A recent article in the journal Biomedicines reviewed the potential of chimeric antigen receptor (CAR) T-cell therapy in disease states beyond cancer. The article, part of a special issue titled “Recent Therapeutic Advances in Natural Killer Cells,” outlined several specific targets and disease states where CAR T-cell therapy holds promise.
“CAR T cells have been approved by the U.S. Food and Drug Administration as a treatment of refractory pre-B cell acute lymphoblastic leukemia to diffuse large B cell lymphoma,” Wrote the authors, led by Ekaterina Zmievskaya of the Institute of Fundamental Medicine and Biology at Kazan Federal University in Russia. “Major successes in oncology have led to a growing scientific and clinical interest in using CAR Ts as a treatment for other types of diseases.”
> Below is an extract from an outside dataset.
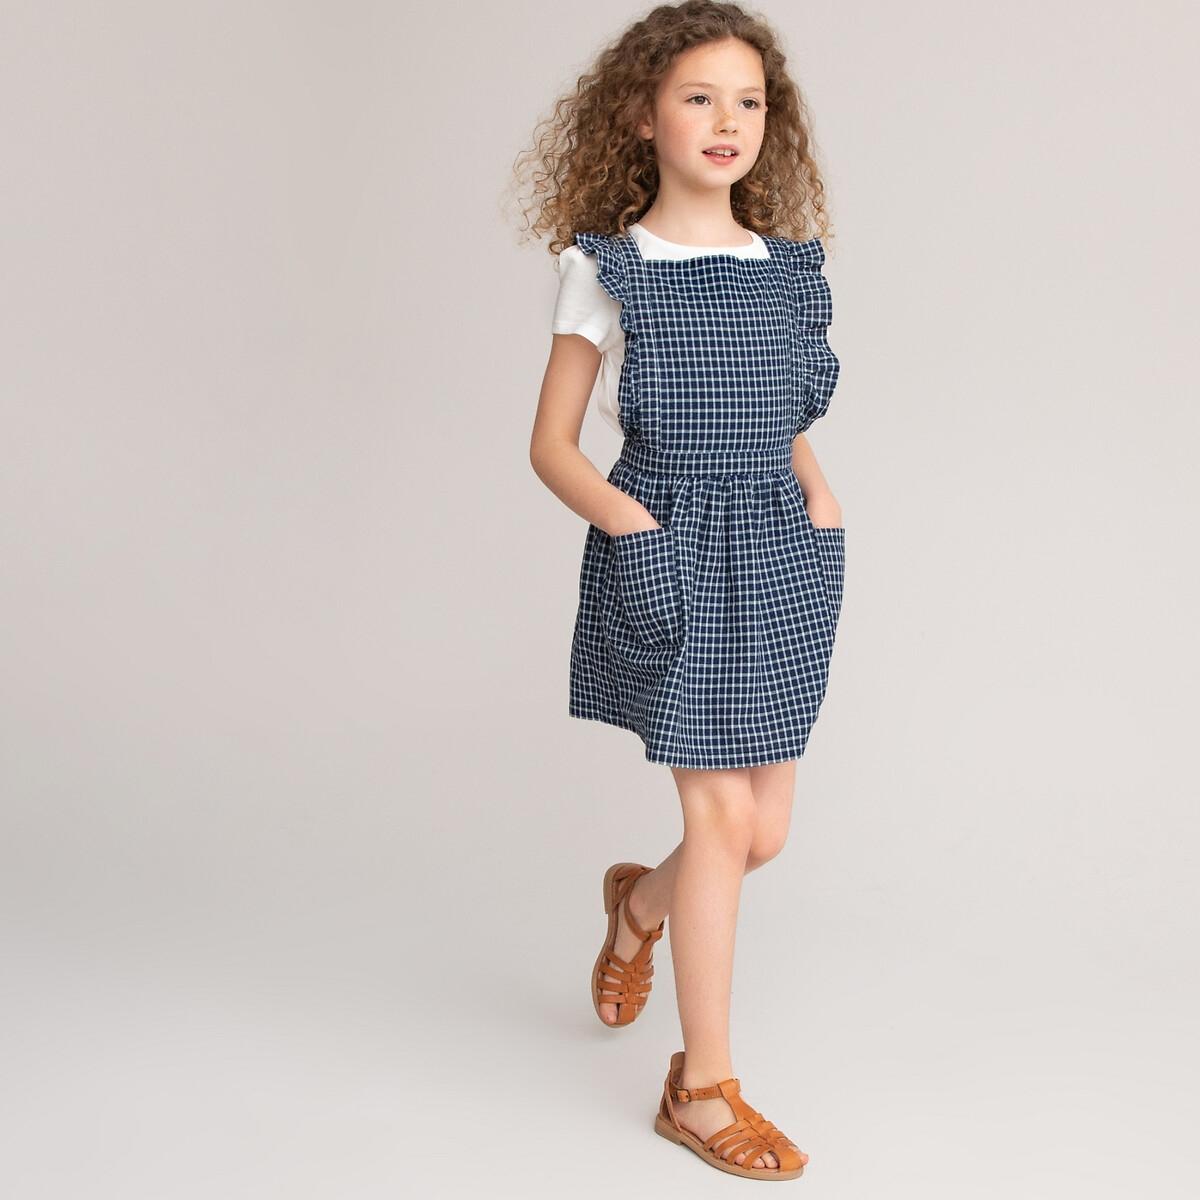 Платье LaRedoute В клетку с воланами 3-12 лет 6 лет - 114 см другие

The authors discussed the following specific disease states currently being examined for susceptibility to CAR T-cell treatment as well as the specific targets involved:
- autoimmunity diseases, including pemphigus vulgaris, hemophilia A, type 1 diabetes, multiple sclerosis, Ulcerative colitis, allergy, and allergic asthma
- infectious diseases, including hepatitis B, hepatitis C, human cytomegalovirus, Aspergillus, influenza A, human immunodeficiency virus, and SARS-CoV-2 (the virus that causes COVID-19)
- cardiac fibrosis
“Despite differences in etiology, there are common features in pathogenesis of the diseases … that potentially allow them to be treated with CAR T cells,” the authors wrote. “This includes a specified disease-linked cellular component that marks cells as infected, hyperactive, or overexpanded. Moreover, in many instances, CAR Ts operate as a powerful alternative to human immune system that are partly dysfunctional due to a disease.”